Is is the toddler that had a seizure in the middle of the night, whos parents slept quietly till 5am noticing he didn’t crawl in their bed, only to find him stiff and lifeless on his bed?

Is it the elderly man whose closed curtains had gone unnoticed by his busy neighbours while he lay decomposing into his own carpet?

It is none of these.

My answer starts at 0610am one morning many years ago with a callout to an elderly man who is struggling to breathe.

We arrive at a slightly neglected bungalow where a frail elderly figure limps slowly to the door and greets us with an apology – she didn’t want to bother us. Her husband is slumped in the front room. I know he is not well and he needs to go to hospital. Madell, the woman who answered the door, is visibly shaken on hearing this news but she finds solace in starting preparations for her beloved husband, Benny, to leave for hospital. He needs clean pyjamas and a toothbrush, and after fondly rubbing his chin, he will need his razor too.

I give Benny some oxygen and start to think that if we don’t get him to the ambulance quite quickly he will collapse. Madell returns tearful with her husband’s belongings. I talk to her to try to convey the seriousness and urgency of the situation. Benny is stoic in his responses, telling his wife he will be fine, but he is kind too, reminding Madell of how much he loves her. Madell is proud, they have been married for more than 60 years, she says, as she ambles away again.

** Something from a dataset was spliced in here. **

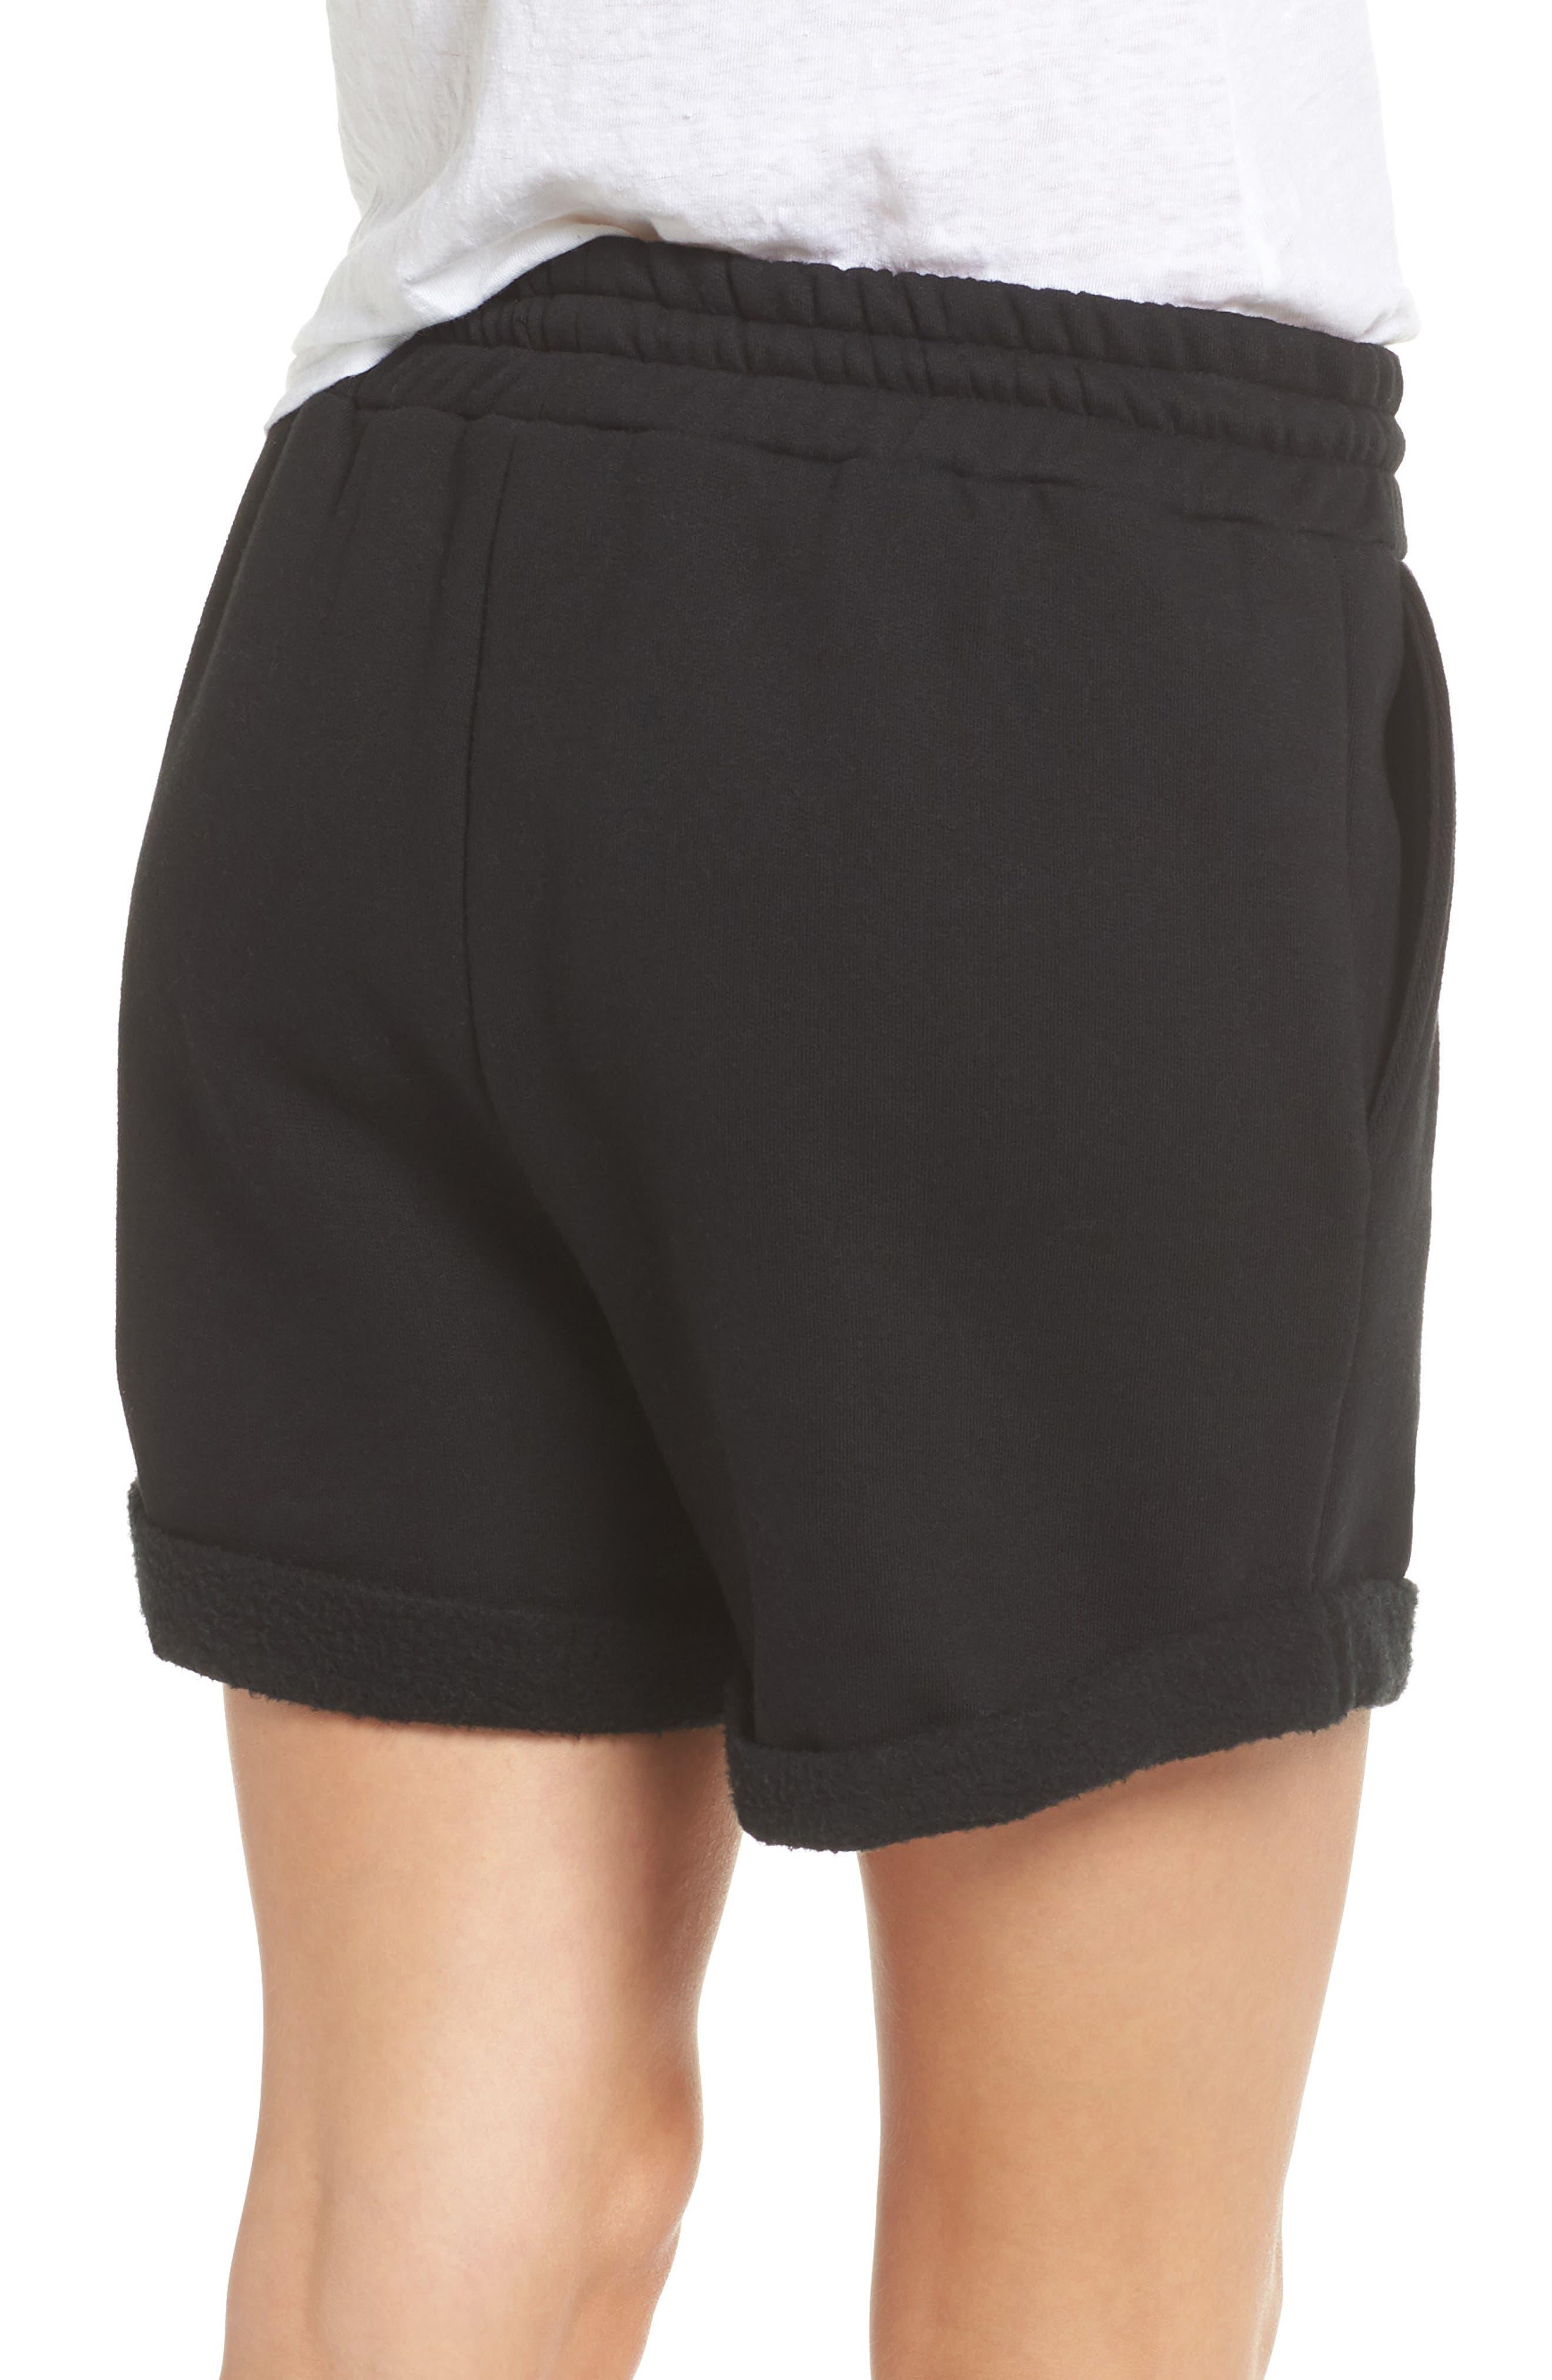 Blonde Lounge Shorts,                             Alternate thumbnail 2, color,                             008

I look around the room at faded photos of many generations of their family. Benny tells me they are all dead now, even their son who died young at war. I talk with him and reassure him that we will be going to hospital soon. She is the love of my life, he says, between tiring breaths; there has never been anyone else. I remember his soft slow words perfectly and the telling look in his eyes – he knows he is not coming home again. I worry that we are taking too long. Benny needs to be in hospital quickly; I don’t want him to die in my ambulance.

Madell is elderly and frail herself, and accompanying her husband to hospital isn’t an option. I worry there is no one to come to help her when we are gone. My haste to get Benny out of the door and to hospital is abruptly subdued by the realisation that this is most probably their final moment together; they are about to say goodbye to each other for the last time.

I try to convey the gravity of the situation to Madell. I think she finally understands when her eyes fill up. She limps back towards Benny, who is still protesting to her that he will be fine. Her hands cup his cheeks as her small stooped frame leans forward to give him a kiss. I pause momentarily, trying to be invisible, and then ask quietly if we can go. Madell delicately flattens Benny’s hair to one side of his head, smiles at me and nods her head. I ask Benny if that is OK and he smiles and nods too.

Benny died later that day and I spent a lot of time wondering what happened to Madell. I knew that I had cared for Benny and looked after him well, but I had deserted Madell, I had left her all alone. I toyed with the idea of visiting her to check up on her. This felt right in many ways, but wrong in others too. I didn’t know what to do. I had prioritised Benny’s care but in doing so neglected what Madell needed. I was left feeling I had failed her in many ways.

When thinking about my answer to the “What’s the worst thing you’ve ever seen?” question it didn’t take me long to remember this job, even though it happened many years ago. It is the job that I most agonised over. It is the job that stayed with me for the longest time after it was over. You might think it can’t be the worst thing I’ve ever seen, but it is definitely the worst thing I’ve ever felt.

I never did go back and check on Madell.